Six Americans died in the terrorist attack on Mumbai, and yet, Islamabad has refused to allow the Federal Bureau of Investigation to conduct any inquiry in Pakistan. It is an argument that cuts deep into the American psyche: every US government has valued American lives to be worth acting against those who endanger those lives. And yet, when it comes to Pakistan, there is a sense of helplessness in Washington about doing anything, which the home minister more than hinted at in his interactions in the US. Some of those present at official meetings where Chidambaram rolled out these arguments were the very people who have been arguing that Pakistan should be the centrepiece of US security strategy for South and Central Asia in the next decade..
 
Notwithstanding the sparring, it was clear as Chidambaram left for New Delhi that the Americans were very pleased to have had the opportunity to meet face-to-face the top man in India who was dealing with terrorism on a day-to-day basis.
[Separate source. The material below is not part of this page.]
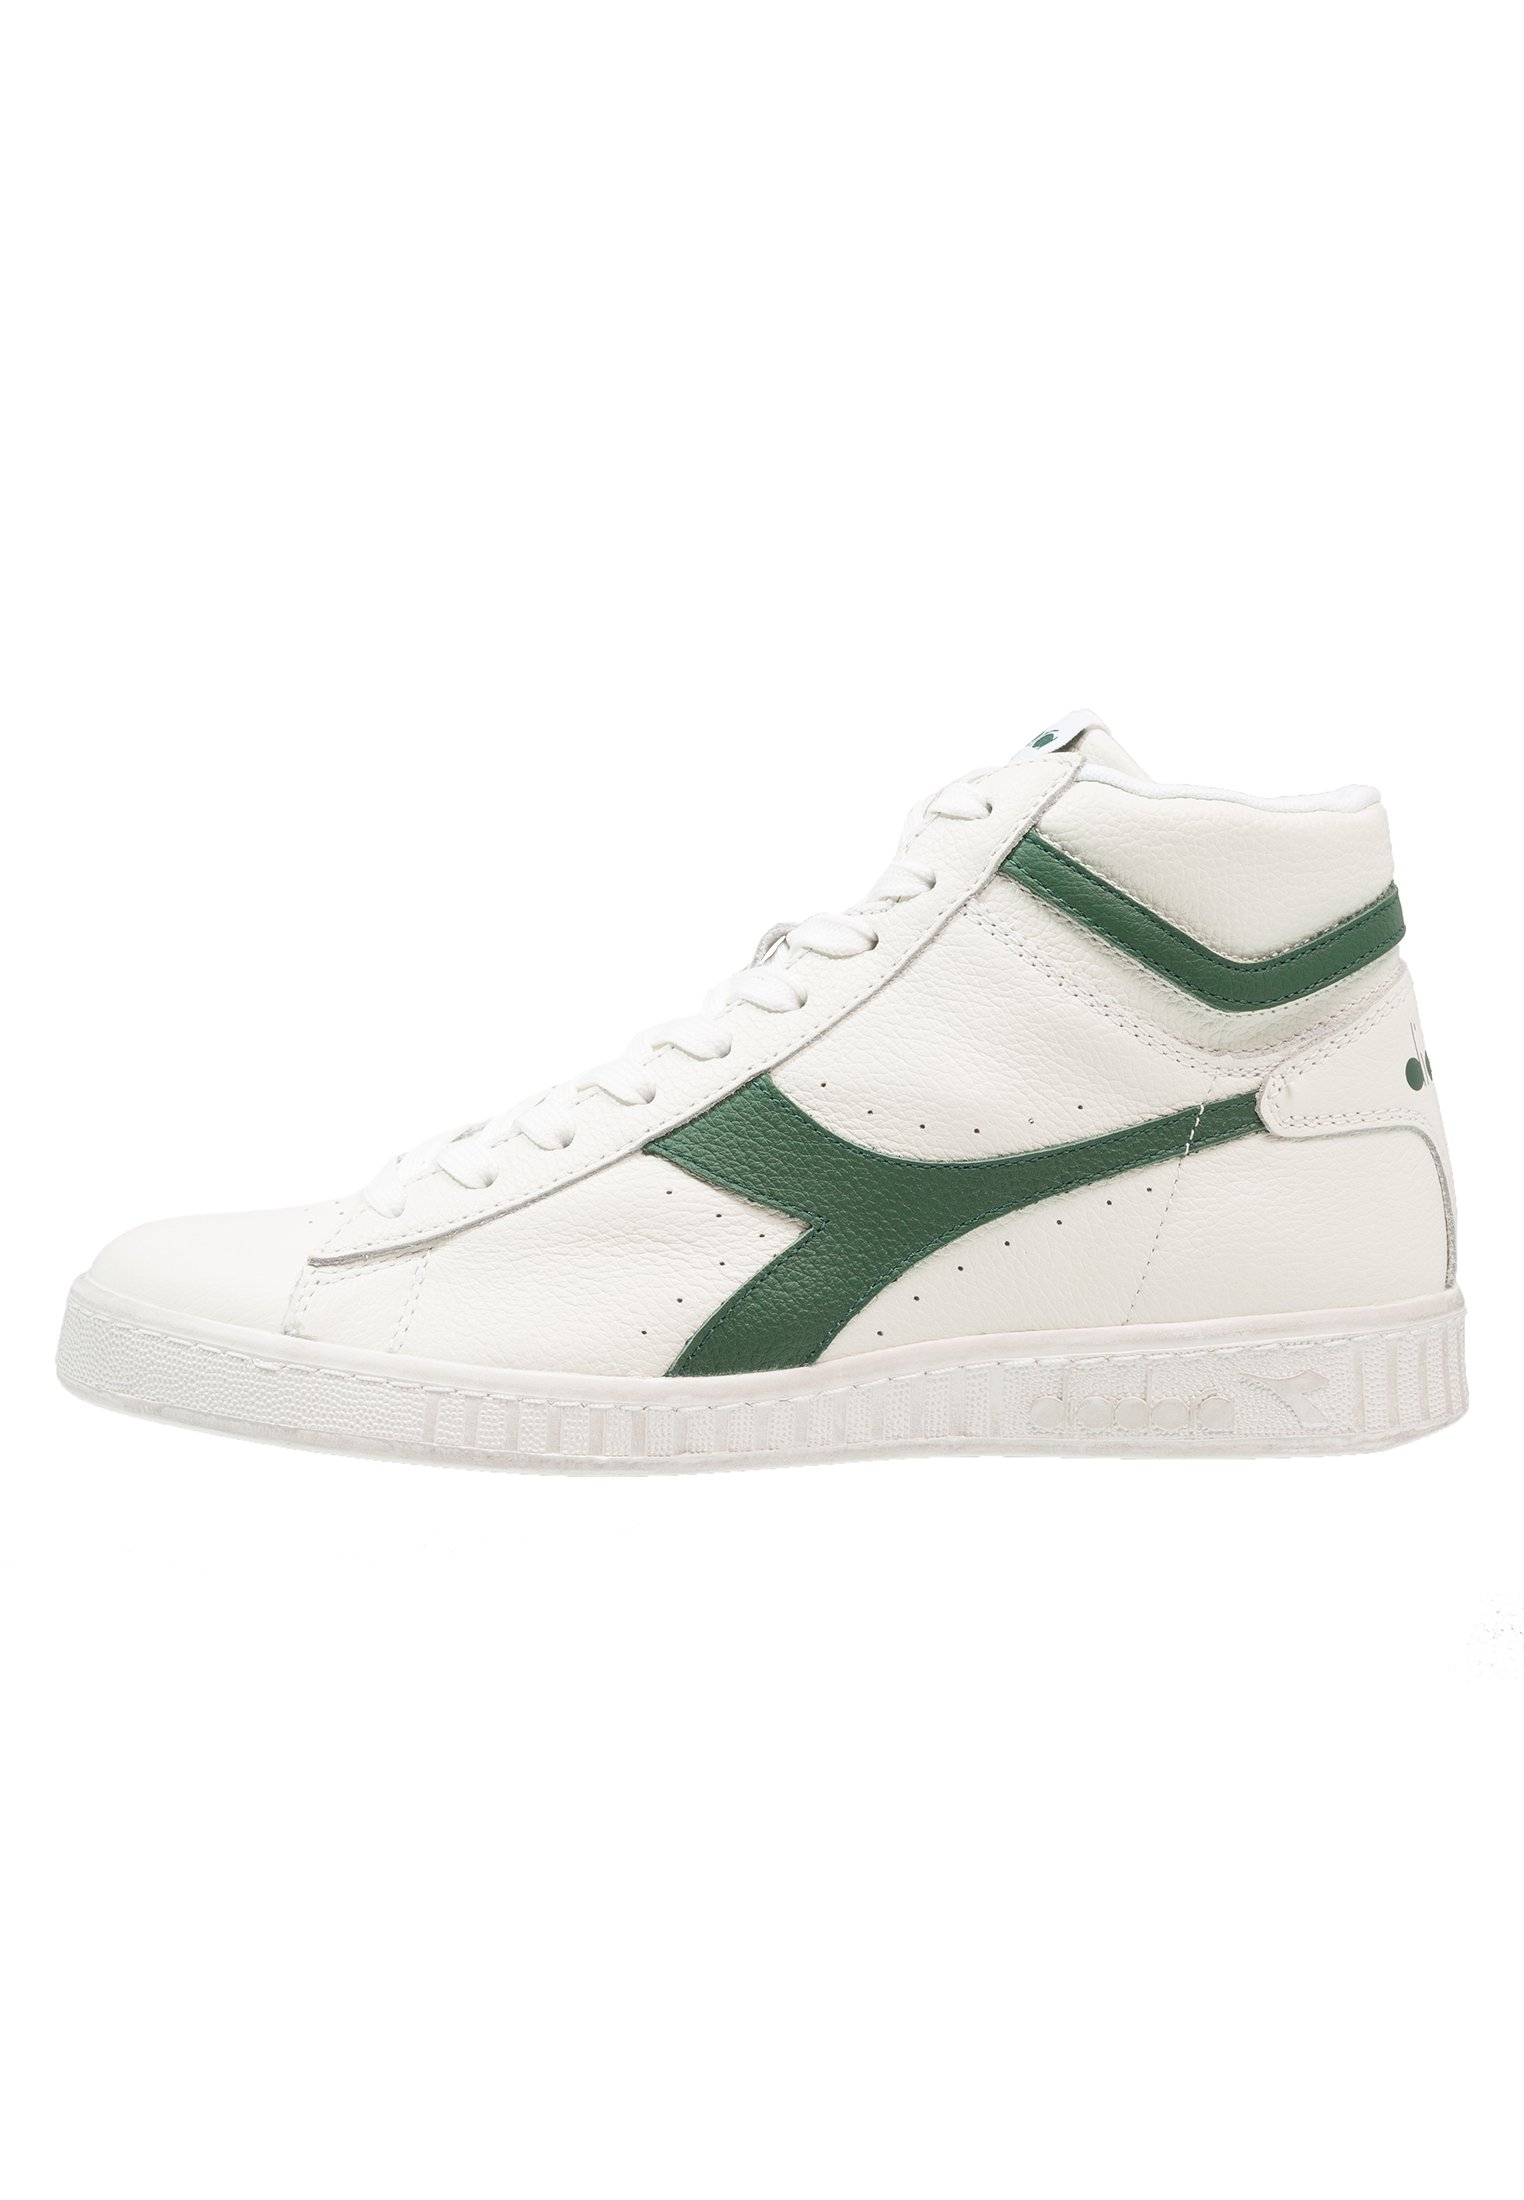 Herrer GAME WAXED - Sneakers high

The last time men and women in the US, whose job it is to protect America, had that opportunity was six years ago when the deputy prime minister and home minister, L.K. Advani, went to Washington. Interacting with two home ministers in India, Advani and Chidambaram, the Americans must be wondering what it is in India’s political system that makes home ministers so much superior, so very personable and businesslike, compared to other members of the Union cabinet. For all the legal arguments that Chidambaram presented, his incontrovertible logic and his eloquence, nothing is going to change in Washington: the Americans are stuck with Pakistan on Afghanistan and Central Asia.
 
But then, Pakistan, contrary to television hyperbole, was only part of Chidambaram’s agenda in the US. As part of his thorough preparations for the visit, Chidambaram read Securing the City: Inside America’s Best Counter­terror Force — the NYPD (acronym for the New York Police Department). It is a new book written by Christopher Dickey, the Paris bureau chief of Newsweek, who wanted to investigate how the NYPD had kept New Yorkers safe since September 11, 2001. After reading the book, Chidambaram decided to craft his own programme in New York, unlike most Indian ministers. He asked for meetings with the FBI-led Joint Terror Task Force, the NYPD and the agencies involved in protecting New York’s mass transport system. In Washington, he similarly insisted on a personal tour of the National Counter-Terrorism Centre: his idea is to create a centre in New Delhi that mirrors the talent and capacity of the one in Washington in being able to deal with
 threats to India.
 
Chidambaram wants the US to help India in creating its anti-terrorist infrastructure to a standard that has prevented another attack on America since September 11, 2001. Lest the Americans should drag their feet on such help, the home minister’s brahmastra was that it was in US interest to help in India’s acquisition of counter-terrorist technology and equipment because it will, in turn, provide greater security for American investment in India as bilateral economic relations become deeper. It was an argument that no one in Washington could counter.